American economists have also warned Trump’s plan could cause inflation and possibly a recession, which could have ripple effects in Canada.

It’s consumers who will ultimately feel the burden of any inflationary effect caused by broad tariffs, said Darby.

“A tariff tends to raise costs, and it ultimately raises prices, so that’s something that we have to be prepared for,” he said.

“It could tilt production mandates. A tariff makes goods more expensive, but on the same token, it also will make inputs for the U.S. more expensive.”

A report last month by TD economist Marc Ercolao said research shows a full-scale implementation of Trump’s tariff plan could lead to a near-five per cent reduction in Canadian export volumes to the U.S. by early-2027, relative to current baseline forecasts.

Retaliation by Canada would also increase costs for domestic producers, and push import volumes lower in the process.

“Slowing import activity mitigates some of the negative net trade impact on total GDP enough to avoid a technical recession, but still produces a period of extended stagnation through 2025 and 2026,” Ercolao said.
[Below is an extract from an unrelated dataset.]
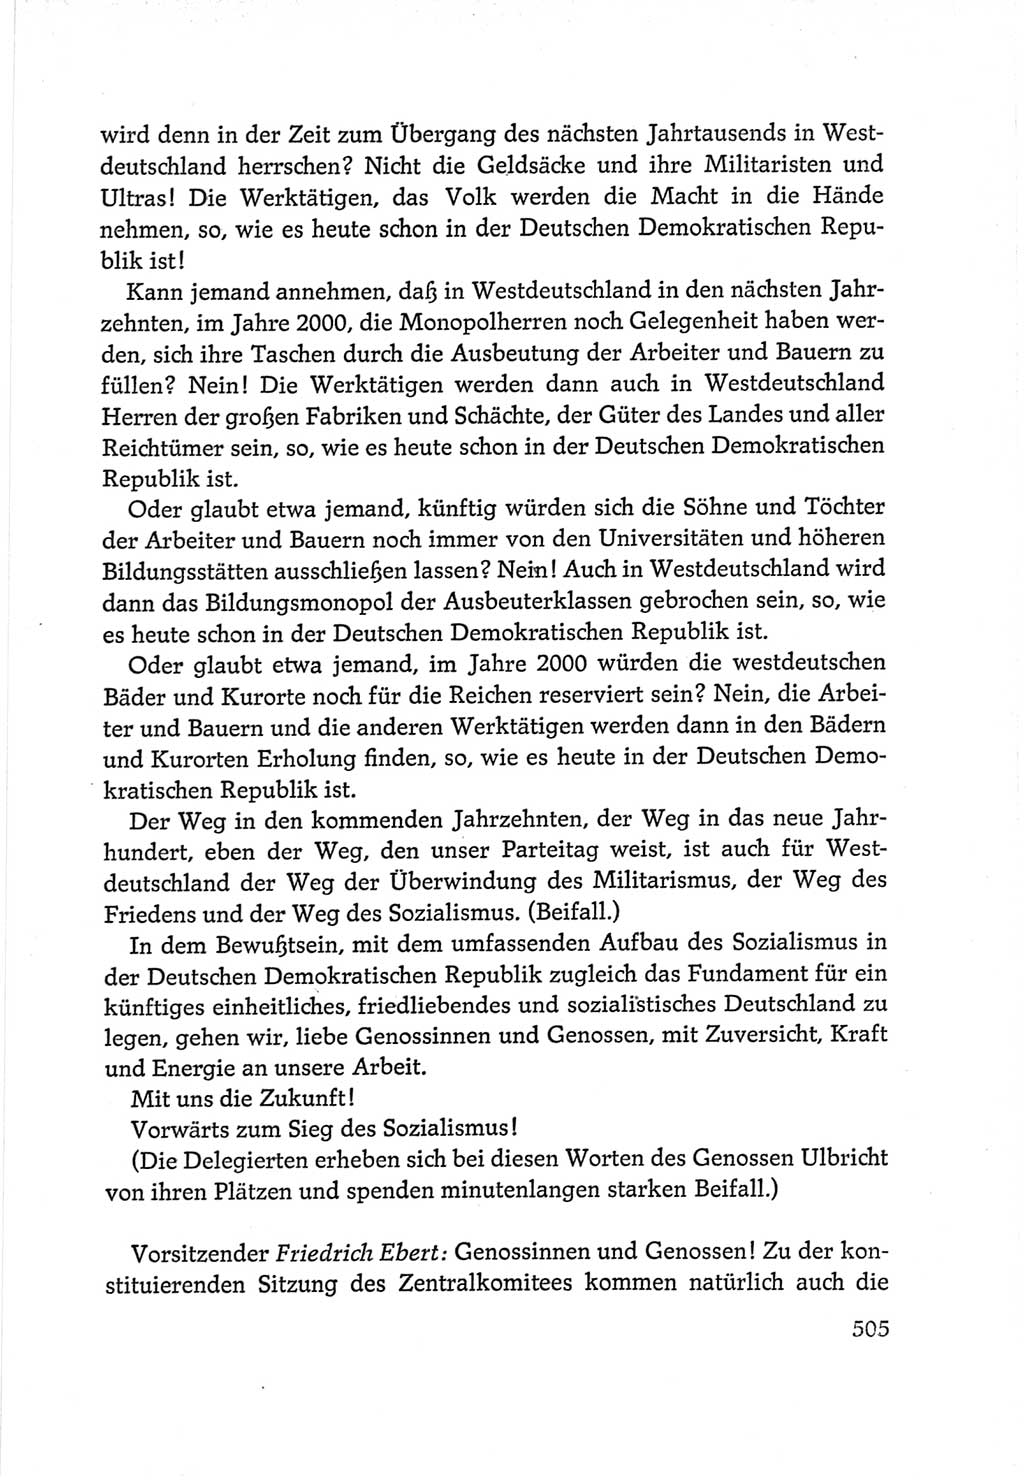 Protokoll der Verhandlungen des Ⅵ. Parteitages der Sozialistischen Einheitspartei Deutschlands (SED) [Deutsche Demokratische Republik (DDR)] 1963, Band Ⅱ, Seite 505 (Prot. Verh. Ⅵ. PT SED DDR 1963, Bd. Ⅱ, S. 505)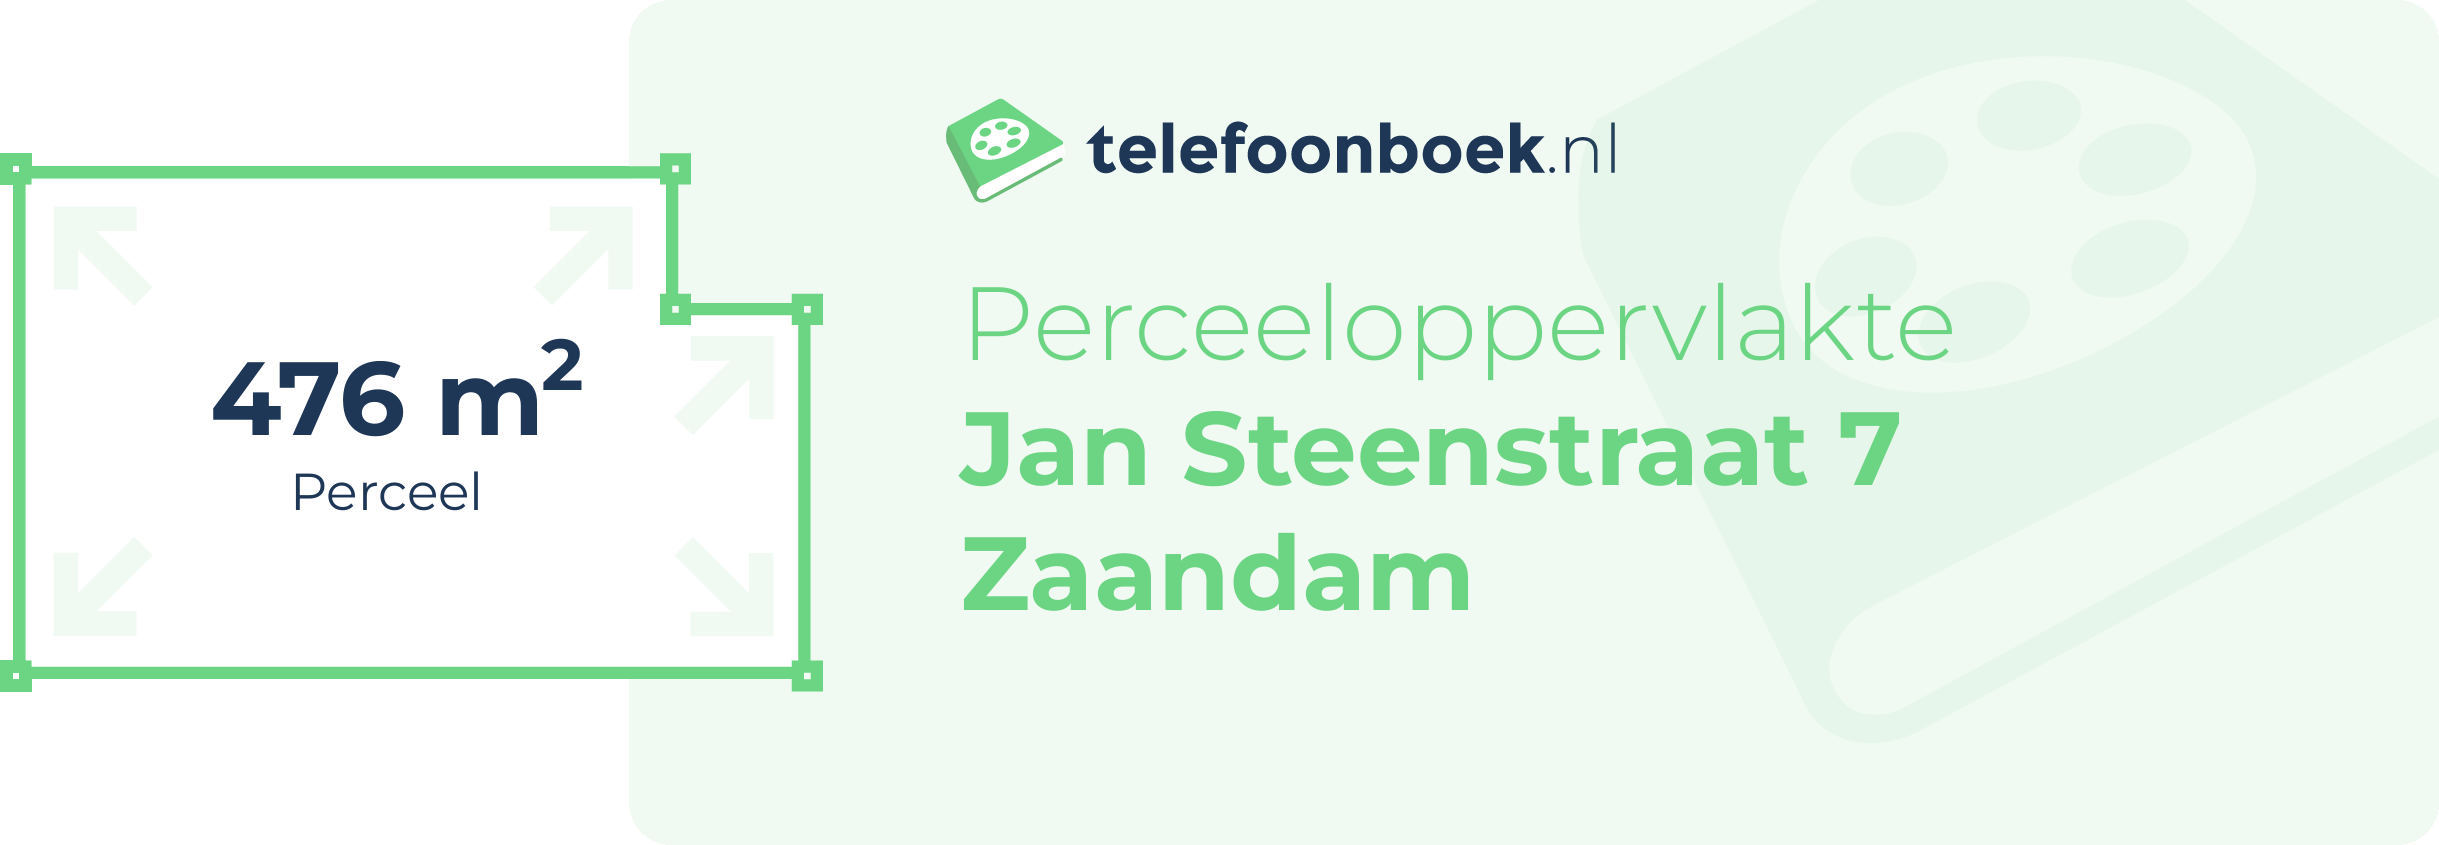 Perceeloppervlakte Jan Steenstraat 7 Zaandam

Since the Canada-United States-Mexico Agreement came into effect in 2020, trade between Canada and the U.S. has surged by 46 per cent, according to the Toronto Region Board of Trade.

With that deal is up for review in 2026, Canadian Chamber of Commerce president and CEO Candace Laing said the Canadian government “must collaborate effectively with the Trump administration to preserve and strengthen our bilateral economic partnership.”

“With an impressive $3.6 billion in daily trade, Canada and the United States are each other’s closest international partners. The secure and efficient flow of goods and people across our border … remains essential for the economies of both countries,” she said in a statement.

“By resisting tariffs and trade barriers that will only raise prices and hurt consumers in both countries, Canada and the United States can strengthen resilient cross-border supply chains that enhance our shared economic security.”